Trust begins in a small theater as a group of teenage actors receive a standing ovation, then takes us back to the beginning, when Marlin, an 18-year-old Hondureña tells a traumatic story about her life to the company. Amazing things unfold as the young members of Chicago’s Albany Park Theater Project transform the story into a daring, original play. APTP is a neighborhood theater project located in one of America's most diverse communities, and is dedicated to helping young people reimagine their experiences on stage.

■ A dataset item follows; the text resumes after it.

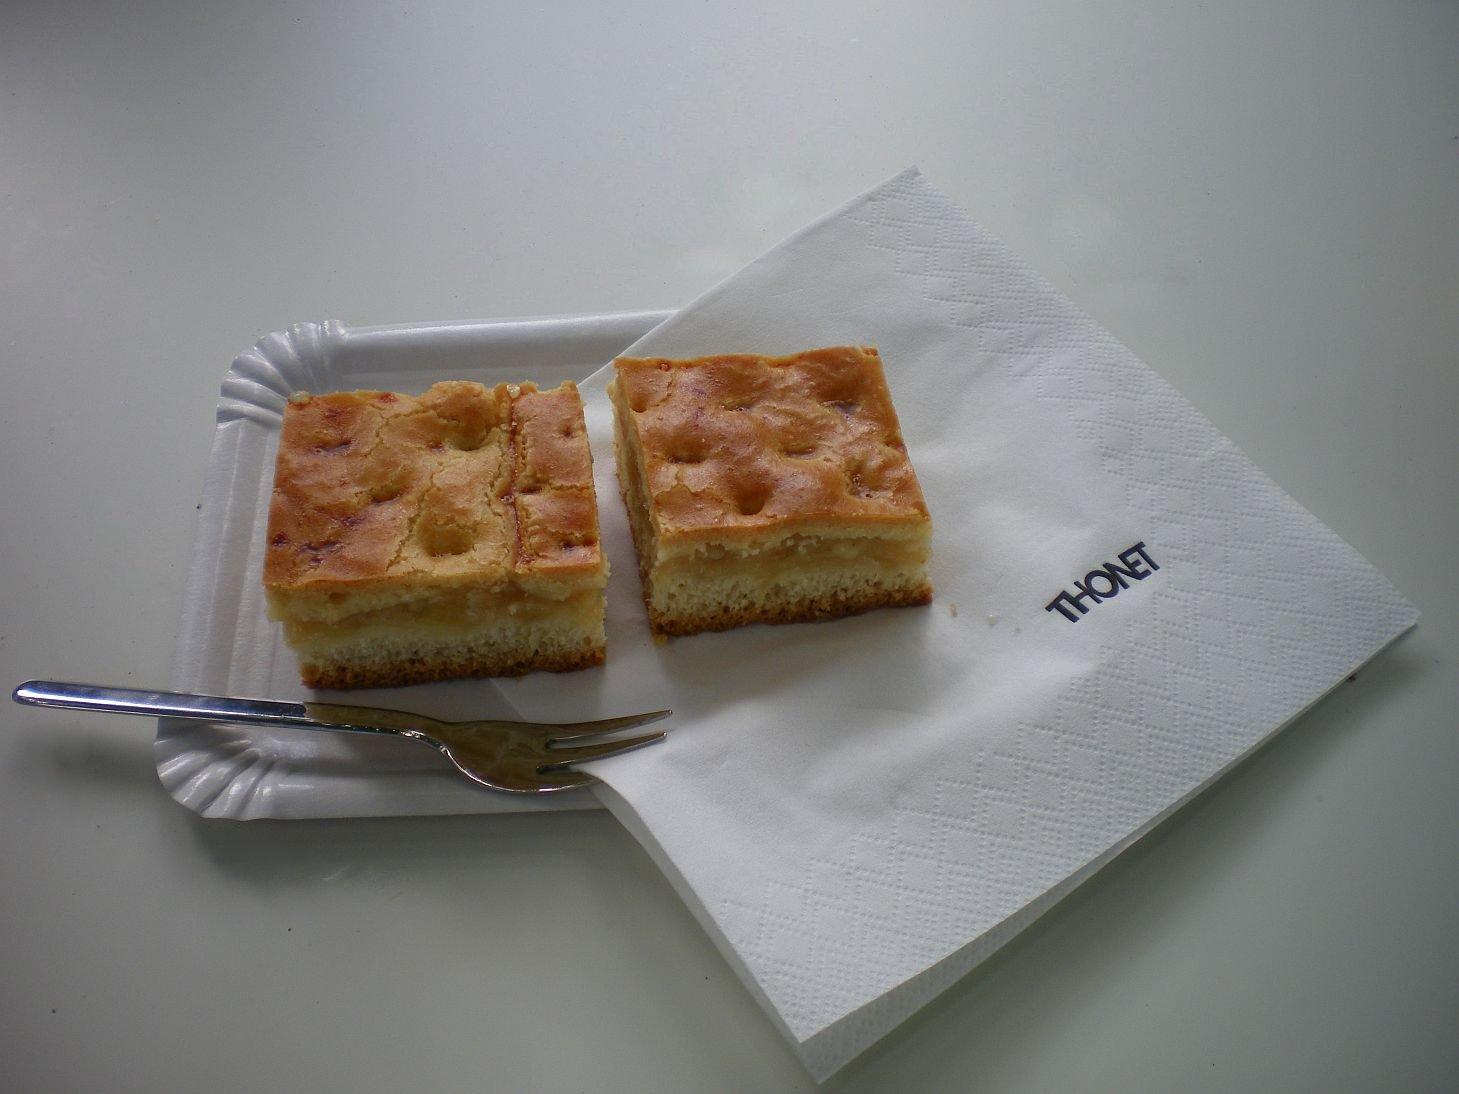 Apfelkuchen mit decke, Thonet, Thonet Wohnhaus, Frankenberg

Marlin’s is one of incredible struggle and pain, from enduring rape as young girl, to surviving a harrowing immigration to the U.S., to further abuse at the hands of her own brother, and finally to emancipation and overcoming substance addiction.
On a warm summer afternoon, Marlin sits in a circle with about 25 young APTP members, takes a deep breath and says “I don’t want you to remember me like this.” And then she begins. At age twelve, she was raped by two men in the bathroom of her grandmother’s church in Honduras. She told no one. Two years later, she immigrated with her older brother Carlos to live with their mother in Chicago, where Carlos repeatedly raped her. She didn’t resist – she felt she’d already lost everything – but keeping those secrets weighed heavily on her and she drank, took drugs, cut herself, ran away from home and attempted suicide. Her mother committed Marlin to a psychiatric hospital, where she spent nearly 200 nights. Finally she confided her secrets to a counselor who helped her and recommended the Albany Park Theater Project (APTP), a neighborhood teen theater company that creates original plays from members’ real life stories. TRUST follows Marlin and APTP as they take her story from the personal to the public and the APTP ensemble as they overcome their shame about the subject of rape and incest and invite family, friends, teachers, and classmates to see the play, Remember Me Like This, during its seven weekend run.
One young woman's bravery affects an entire community and helps bring to light an epidemic that is cross-economic, cross-cultural and found in every community.
The Trust DVD is not to be used in any situation where admission is charged, or for fundraising in any form without the explicit permission of the filmmakers and a separate financial agreement.